Le dossier médical personnel (DMP) n'est toujours pas opérationnel et ne le sera pas avant des années. Après les promesses répétées des anciens ministres de la santé, Philippe Douste-Blazy et Xavier Bertrand, qui avaient annoncé l'ouverture de ce dossier informatisé pour chaque assuré, à la mi-2007, le gouvernement change de stratégie.
Dans un communiqué commun publié lundi 12 novembre, les ministres de la santé et du budget, Roselyne Bachelot et Eric Woerth, affirment que le gouvernement se "donnera le temps nécessaire" pour relancer le DMP, un projet qui "doit s'inscrire dans une perspective de longue durée". S'appuyant sur les conclusions d'un audit très sévère des inspections générales des finances, des affaires sociales et du conseil général des technologies de l'information, les ministres annoncent ainsi l'ouverture d'une concertation qui devra définir une nouvelle "feuille de route" du DMP avant mars 2008.
Créé par la loi du 13 août 2004 de réforme de l'assurance-maladie, le DMP devait "favoriser la coordination, la qualité et la continuité des soins" en permettant aux professionnels de santé d'accéder, sur un site sécurisé, aux données médicales d'un patient. Tous les assurés sociaux de plus de 16 ans, soit 48 millions de Français, devaient pouvoir en disposer. D'emblée, le projet a pourtant été marqué par "l'irréalisme de son calendrier initial" notent les inspections.
Imposée par M. Douste-Blazy, grand ordonnateur de la réforme, la date butoir du 1er juillet 2007, "a fonctionné comme un piège". Son successeur, Xavier Bertrand, ayant choisi de ne pas dénoncer cet objectif - en mai 2006, il parlait "d'une généralisation effective du DMP pour 2007, comme nous l'avions prévu" -, tout le projet a été marqué par l'urgence de rendre effective une commande politique irréalisable.
"GESTION PARFOIS INCONSÉQUENTE"
Selon le rapport d'inspection, "il en est résulté une gestion de projet constamment précipitée, souvent improvisée, parfois inconséquente". Ainsi, la priorité a été donnée à la dimension informatique et à l'hébergement du DMP, au détriment de la réflexion sur le contenu et l'usage du dossier, qui attendent toujours d'être fixés par décrets.

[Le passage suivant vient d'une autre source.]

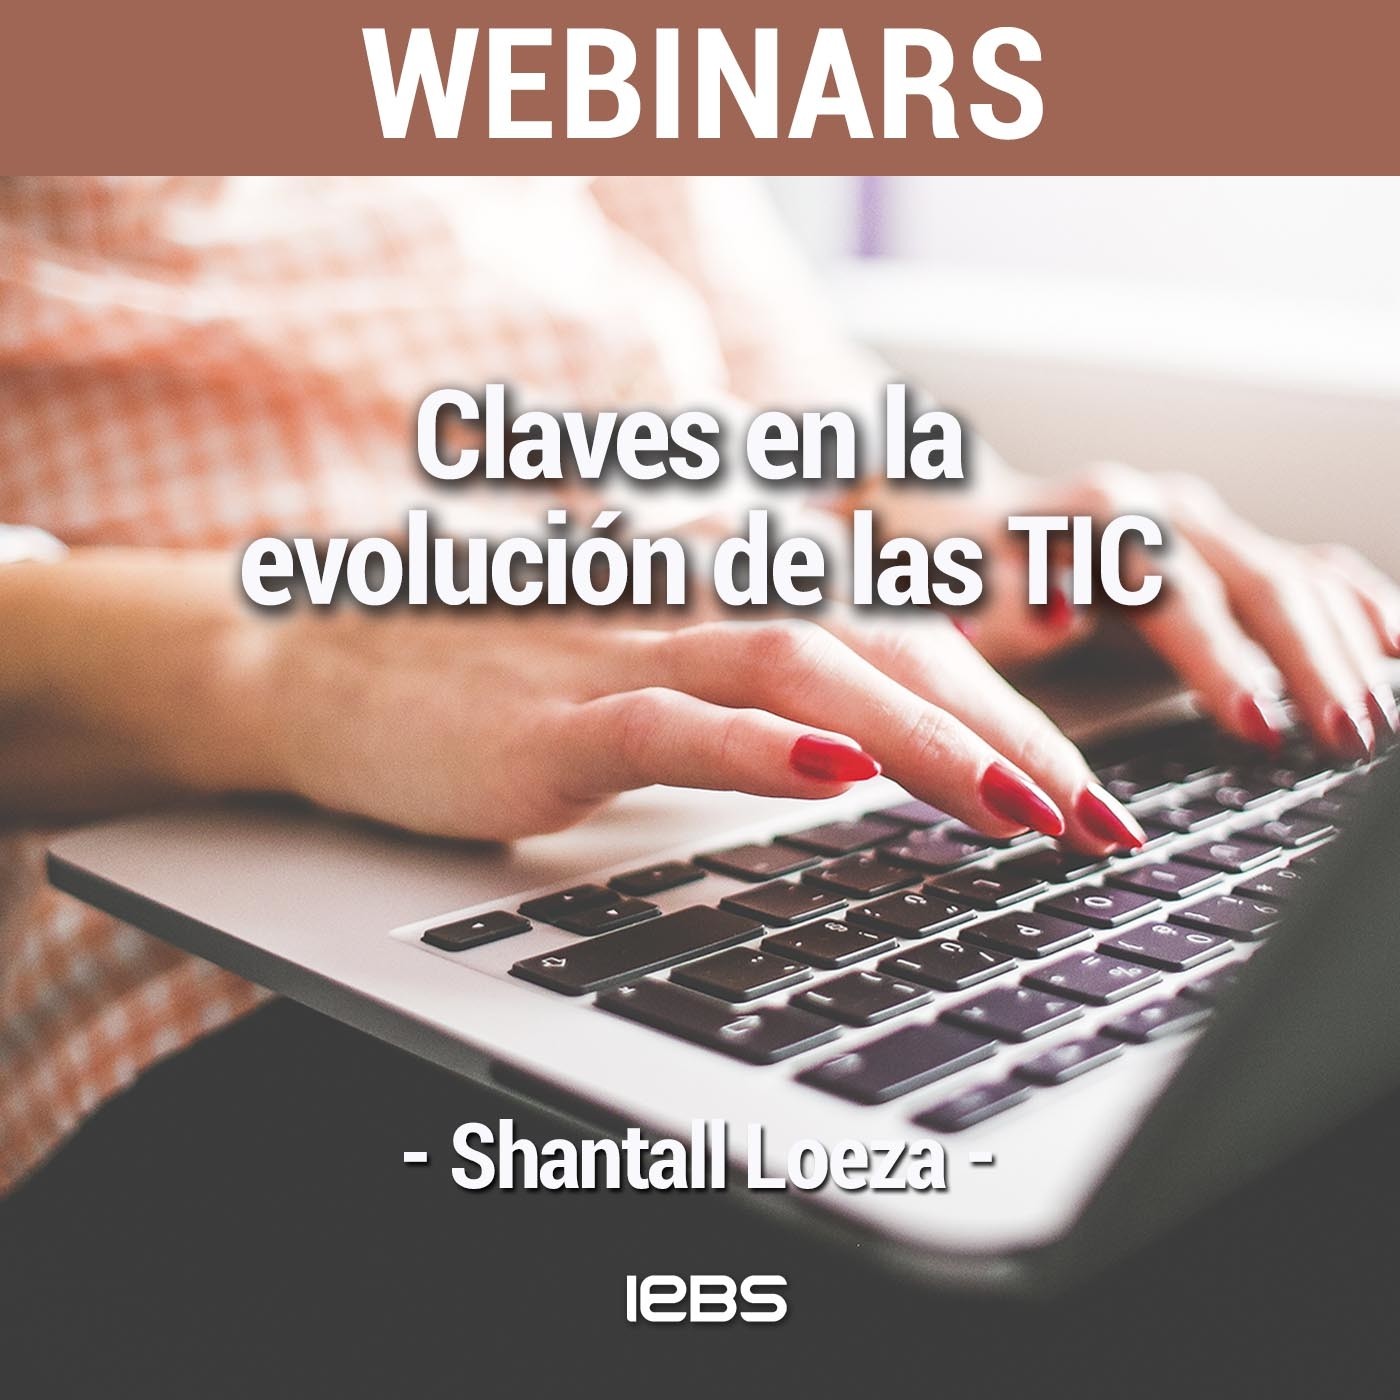 Webinar "Claves en la evolución de las TIC" de Akademus from IEBS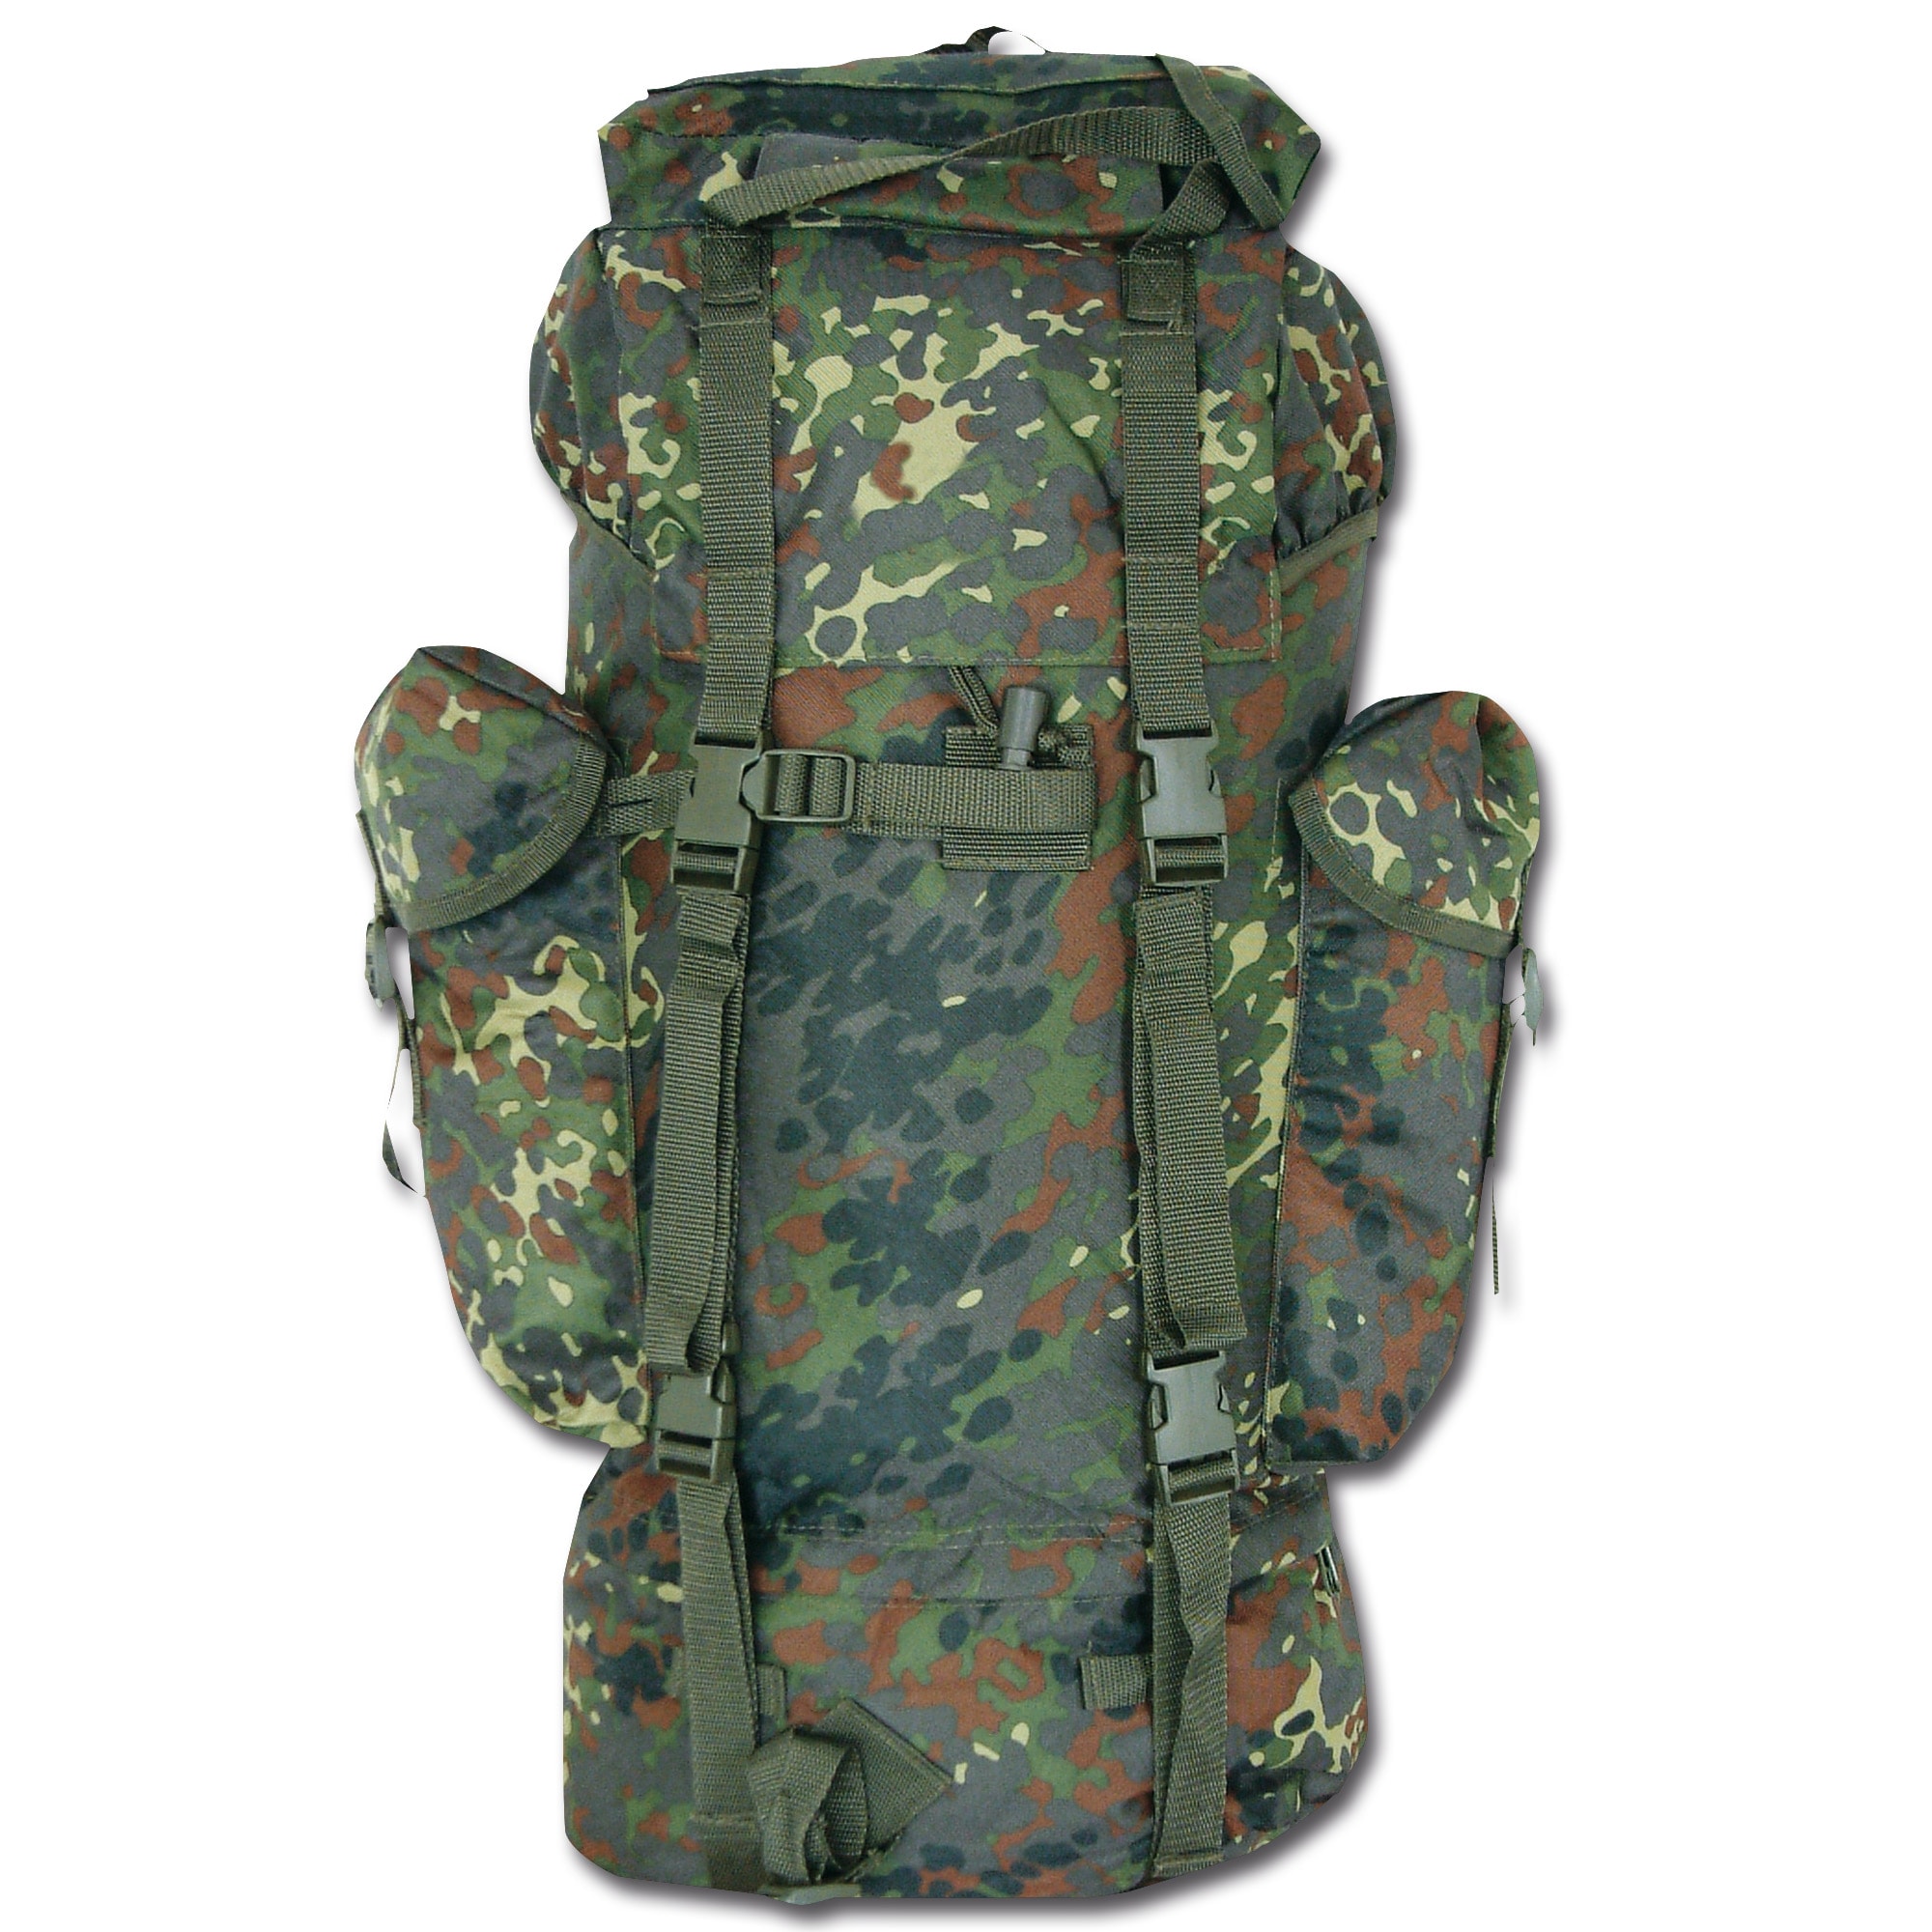 German Army Backpack Imported flecktarn | German Army Backpack Imported ...

La phase d'expérimentation, clôturée à la fin 2006 quelques mois après avoir été lancée, "n'a pas permis de tirer les enseignements opérationnels attendus". Enfin, le groupement d'intérêt public (GIP), créé en 2005 pour mettre en oeuvre le DMP, a souffert d'une "instabilité managériale et stratégique" : trois directeurs se sont succédé en quelques mois, et un changement de cap est brutalement intervenu à la mi-2006, pour tenter de conforter l'objectif d'un DMP pour tous en 2007.
Le modèle économique a été construit sur des bases incertaines, sans tenir compte des exemples étrangers. Aucun des projets comparables, qu'ils soient anglais, canadien ou danois, ne prévoit pourtant de mise en oeuvre inférieure à dix ans, pour des coûts par habitant avoisinant les 250 euros. En France, le montant global du DMP a été évalué à 1,1 milliard d'euros sur cinq ans, soit un coût par habitant de 18 euros.
"Notre pays serait ainsi en mesure de mettre en oeuvre un projet d'une telle complexité en trois fois moins de temps et avec trois fois moins d'argent qu'il en faut aux autres pays engagés dans une entreprise similaire", raillent les inspections. Le rapport d'audit souligne par ailleurs que le DMP a été présenté "à tort" comme une "source majeure" de réduction de dépenses de l'assurance-maladie : en réalité, les "économies à attendre du DMP sont incertaines, et en tout cas lointaines".
Malgré ces vicissitudes, le gouvernement a décidé de poursuivre le projet de DMP, tout en changeant totalement de méthode. Renonçant à l'urgence, il affirme qu'il agira désormais de "manière pragmatique, en privilégiant les expérimentations sur le terrain" et en ciblant le DMP sur les professionnels de santé et les patients qui "en ont le plus besoin".